Monday, May 17, 2010

Relief...and thoughts on Authenticity

Relief lightens the load...

I float like a butterfly, delicate and airy, lighting on the flowers of hope and happiness.

Laughter comes much more easily, tension leaks out draining the wound of wondering.

Quietly, though, I ponder tragedy and the role it so often plays in all of our lives. We are "supposed" to have peace no matter what our circumstances and I have always wondered about that.

I am frail, fraught with every emotion given as gifts to the human race. The gift of feeling and yes, acknowledging the very potent emotions that often swirl around us tornado like, does not fit the system I have often been taught to subscribe to.

Frankly, I hate pretense. The masks I am subtly told to wear, make me rebellious. I will not comply with this show of "perfection" or of being what some believe is a good "Christian."

I long for authenticity. To be who I am: fears, angers, joys, griefs, and hidden complexities. All of this, and also a fierce belief in a God who doesn't want me to be a phony makes me thumb my nose at convention.
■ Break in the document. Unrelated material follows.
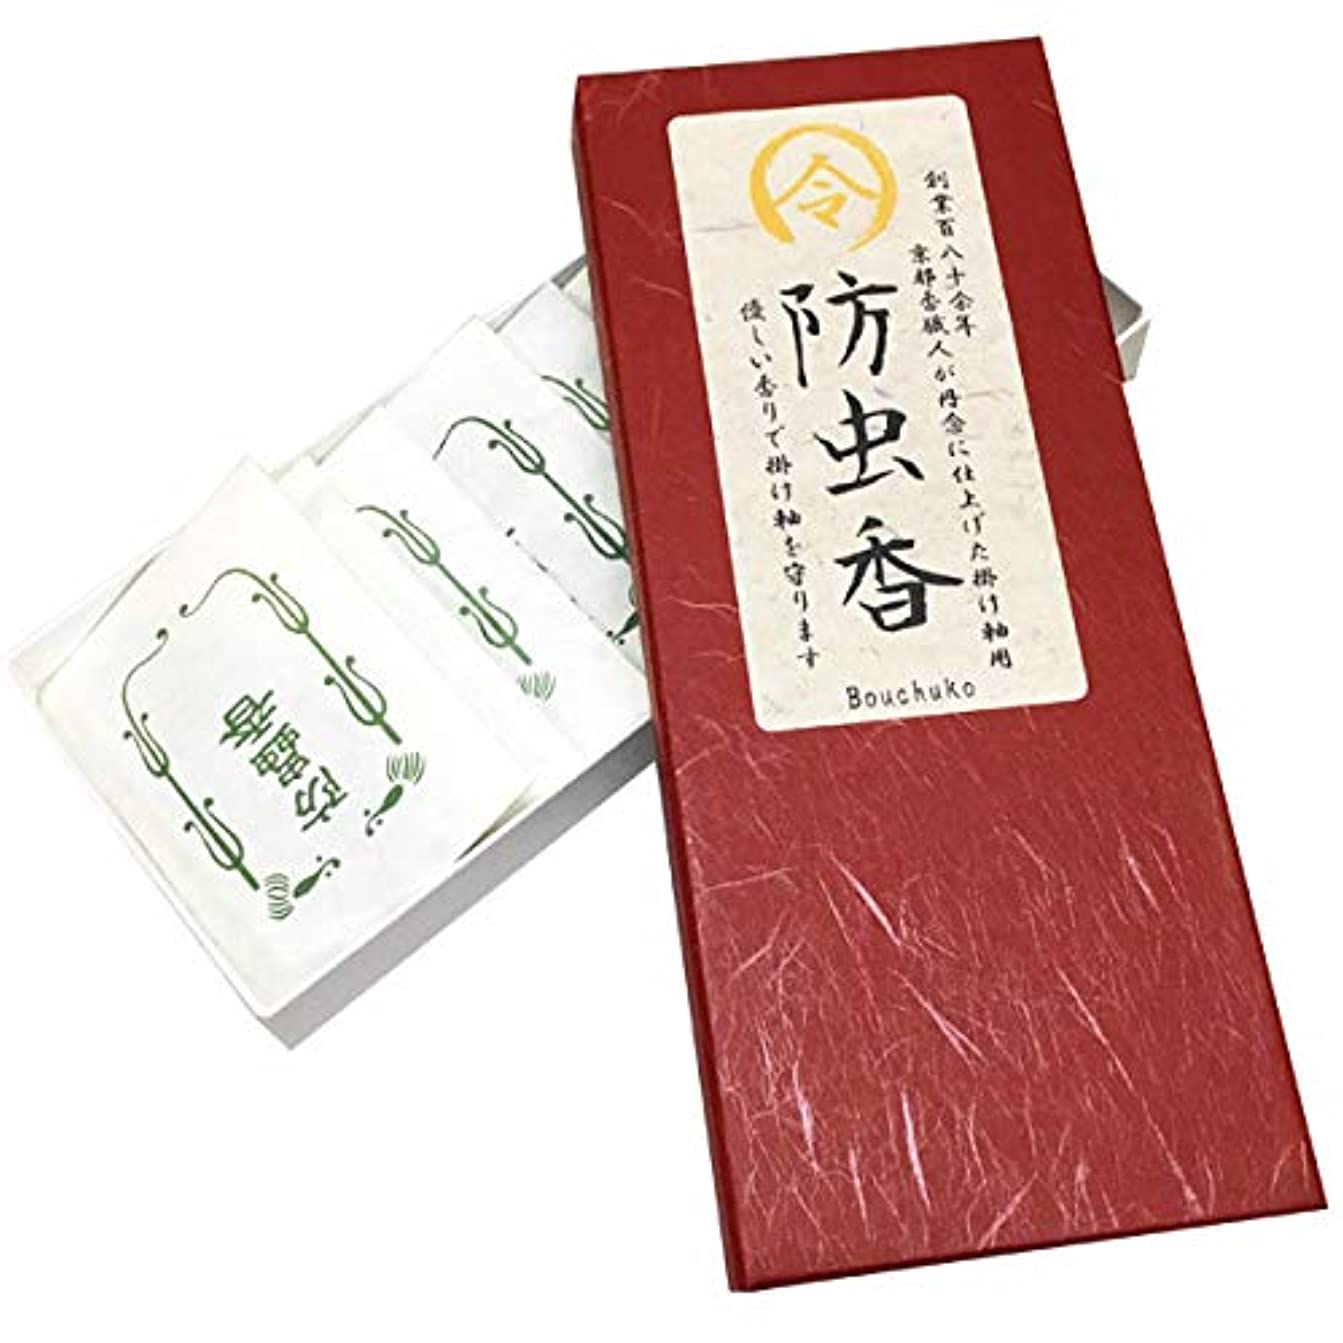 囚人程度物思いにふける掛け軸用 表具用 高級香 令和印の掛軸防虫香(白檀香) 1箱10袋入り

I will not be a cookie cutter person.

I think we are longing for reality. To know that who we are, in all our joys and all our griefs is greatly valued by God.

The gift we can give each other is the freedom to know and to be known. To love one another because of and in spite of our many good points and our glaring weaknesses.

And to know that we are loved by a tender, loving, Almighty God just as we are is gift we can give ourselves.

This doesn't mean there is no room for personal growth, but that this growth is carved out in careful thoughtfulness and not in playing the game. This is what I think makes growth real, tangible, touchable and even attainable.

Peace will come and it will sometimes desperately desert us.

But we can plant our feet in the soil of authenticity knowing that as we experience the great expanse of emotions God created us to have we no longer have to be afraid to express those feelings or to let those feelings be woven into the stories of our lives.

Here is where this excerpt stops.